C++快速将 2 个数组加在一起

发布于 2024-09-03 21:38:41 字数 445 浏览 2 评论 0原文

给定数组:

int canvas[10][10];
int addon[10][10];

所有值的范围为 0 - 100,在 C++ 中添加这两个数组的最快方法是什么,以便画布中的每个单元格等于自身加上插件中相应的单元格值?

IE,我想实现类似的目标:

canvas += another;

因此,如果 canvas[0][0] =3 且 addon[0][0] = 2 那么 canvas[0][0] = 5

速度在这里至关重要,因为我正在编写一个非常简单的程序暴力破解一个背包式的问题,会有上千万种组合。

作为一个额外的小问题(如果您能提供帮助,谢谢!)检查画布中的任何值是否超过 100 的最快方法是什么?循环很慢!

Given the arrays:

int canvas[10][10];
int addon[10][10];

Where all the values range from 0 - 100, what is the fastest way in C++ to add those two arrays so each cell in canvas equals itself plus the corresponding cell value in addon?

IE, I want to achieve something like:

canvas += another;

So if canvas[0][0] =3 and addon[0][0] = 2 then canvas[0][0] = 5

Speed is essential here as I am writing a very simple program to brute force a knapsack type problem and there will be tens of millions of combinations.

And as a small extra question (thanks if you can help!) what would be the fastest way of checking if any of the values in canvas exceed 100? Loops are slow!

如果你对这篇内容有疑问,欢迎到本站社区发帖提问 参与讨论,获取更多帮助,或者扫码二维码加入 Web 技术交流群。

扫码二维码加入Web技术交流群

发布评论

需要 登录 才能够评论, 你可以免费 注册 一个本站的账号。

评论(6

苏大泽ㄣ 2024-09-10 21:38:41

下面是一个 SSE4 实现,应该在 Nehalem (Core i7) 上表现良好:

#include <limits.h>
#include <emmintrin.h>
#include <smmintrin.h>

static inline int canvas_add(int canvas[10][10], int addon[10][10])
{
    __m128i * cp = (__m128i *)&canvas[0][0];
    const __m128i * ap = (__m128i *)&addon[0][0];
    const __m128i vlimit = _mm_set1_epi32(100);
    __m128i vmax = _mm_set1_epi32(INT_MIN);
    __m128i vcmp;
    int cmp;
    int i;

    for (i = 0; i < 10 * 10; i += 4)
    {
        __m128i vc = _mm_loadu_si128(cp);
        __m128i va = _mm_loadu_si128(ap);

        vc = _mm_add_epi32(vc, va);
        vmax = _mm_max_epi32(vmax, vc);   // SSE4 *

        _mm_storeu_si128(cp, vc);

        cp++;
        ap++;
    }
    vcmp = _mm_cmpgt_epi32(vmax, vlimit); // SSE4 *
    cmp = _mm_testz_si128(vcmp, vcmp);    // SSE4 *
    return cmp == 0;
}

使用 gcc -msse4.1 ... 或适合您的特定开发环境的等效工具进行编译。

对于没有 SSE4 的旧版 CPU(并且具有更昂贵的未对齐加载/存储),您需要 (a) 使用 SSE2/SSE3 内在函数的合适组合来替换 SSE4 操作(标有 *上面),理想情况下 (b) 确保您的数据是 16 字节对齐并使用对齐的加载/存储 (_mm_load_si128/_mm_store_si128) 代替 _mm_loadu_si128代码>/<代码>_mm_storeu_si128。
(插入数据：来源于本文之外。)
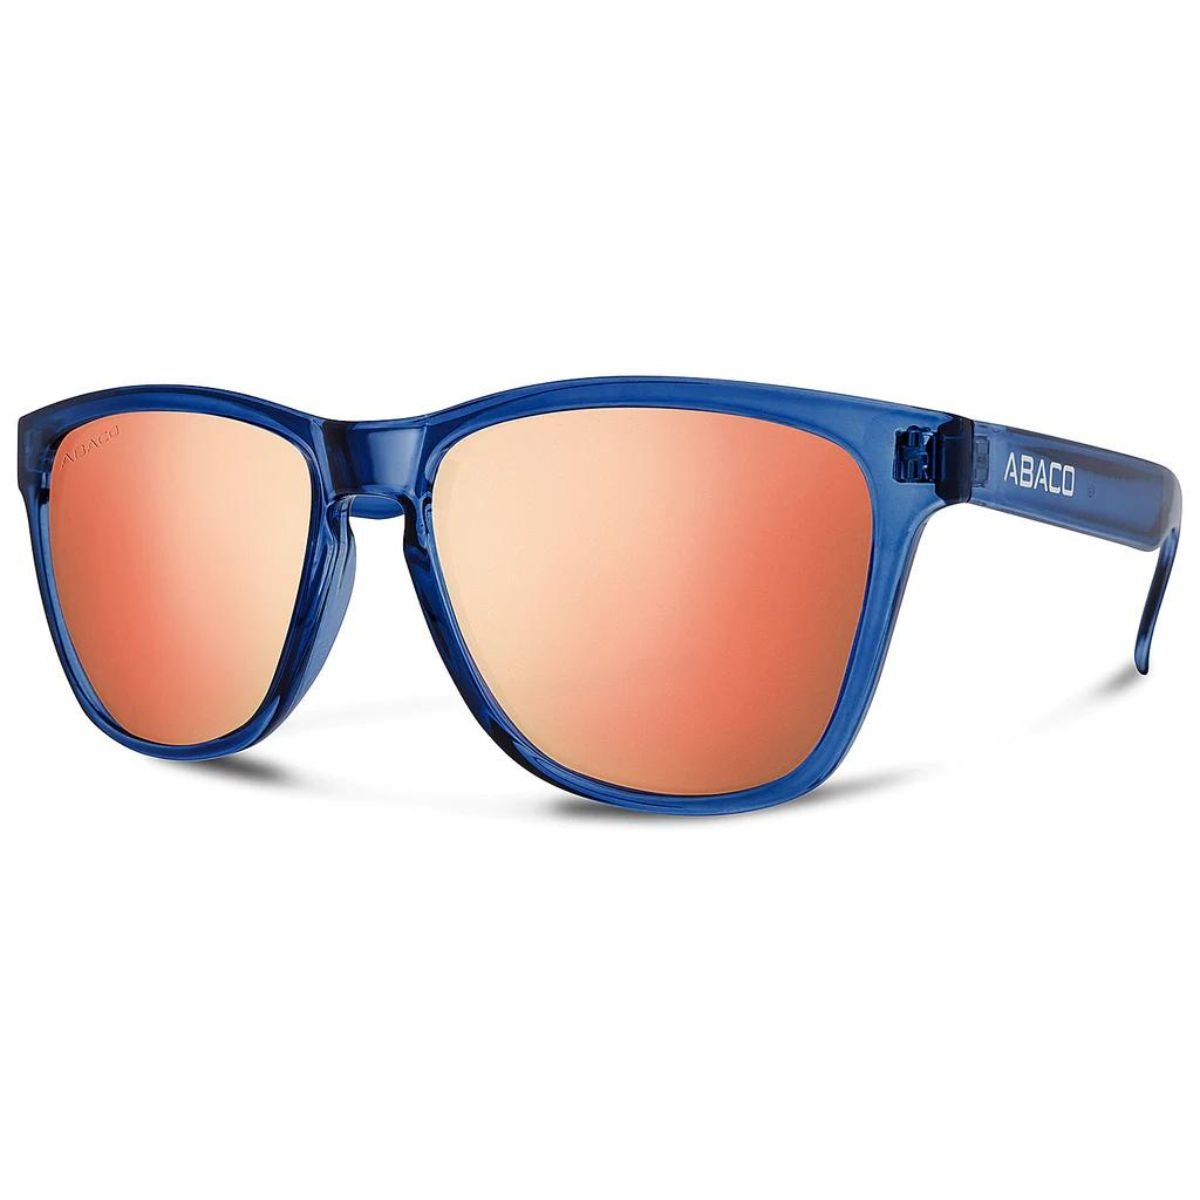 Abaco Kai Sunglasses in Midnight Blue/Sunrise - BoardCo

Here is an SSE4 implementation that should perform pretty well on Nehalem (Core i7):

#include <limits.h>
#include <emmintrin.h>
#include <smmintrin.h>

static inline int canvas_add(int canvas[10][10], int addon[10][10])
{
    __m128i * cp = (__m128i *)&canvas[0][0];
    const __m128i * ap = (__m128i *)&addon[0][0];
    const __m128i vlimit = _mm_set1_epi32(100);
    __m128i vmax = _mm_set1_epi32(INT_MIN);
    __m128i vcmp;
    int cmp;
    int i;

    for (i = 0; i < 10 * 10; i += 4)
    {
        __m128i vc = _mm_loadu_si128(cp);
        __m128i va = _mm_loadu_si128(ap);

        vc = _mm_add_epi32(vc, va);
        vmax = _mm_max_epi32(vmax, vc);   // SSE4 *

        _mm_storeu_si128(cp, vc);

        cp++;
        ap++;
    }
    vcmp = _mm_cmpgt_epi32(vmax, vlimit); // SSE4 *
    cmp = _mm_testz_si128(vcmp, vcmp);    // SSE4 *
    return cmp == 0;
}

Compile with gcc -msse4.1 ... or equivalent for your particular development environment.

For older CPUs without SSE4 (and with much more expensive misaligned loads/stores) you'll need to (a) use a suitable combination of SSE2/SSE3 intrinsics to replace the SSE4 operations (marked with an * above) and ideally (b) make sure your data is 16-byte aligned and use aligned loads/stores (_mm_load_si128/_mm_store_si128) in place of _mm_loadu_si128/_mm_storeu_si128.

深海不蓝 2024-09-10 21:38:41

没有什么比 C++ 中的循环更快的了。您需要使用一些特定于平台的向量指令。也就是说,您需要深入到汇编语言级别。但是,有一些 C++ 库尝试为您执行此操作,因此您可以进行高级编写,并让库负责执行低级操作 SIMD 工作适合您的编译器针对的任何架构。

MacSTL 是一个您可能想要查看的库。它最初是 Macintosh 特定的库,但现在是跨平台的。请参阅他们的主页以获取更多信息。

You can't do anything faster than loops in just C++. You would need to use some platform specific vector instructions. That is, you would need to go down to the assembly language level. However, there are some C++ libraries that try to do this for you, so you can write at a high level and have the library take care of doing the low level SIMD work that is appropriate for whatever architecture you are targetting with your compiler.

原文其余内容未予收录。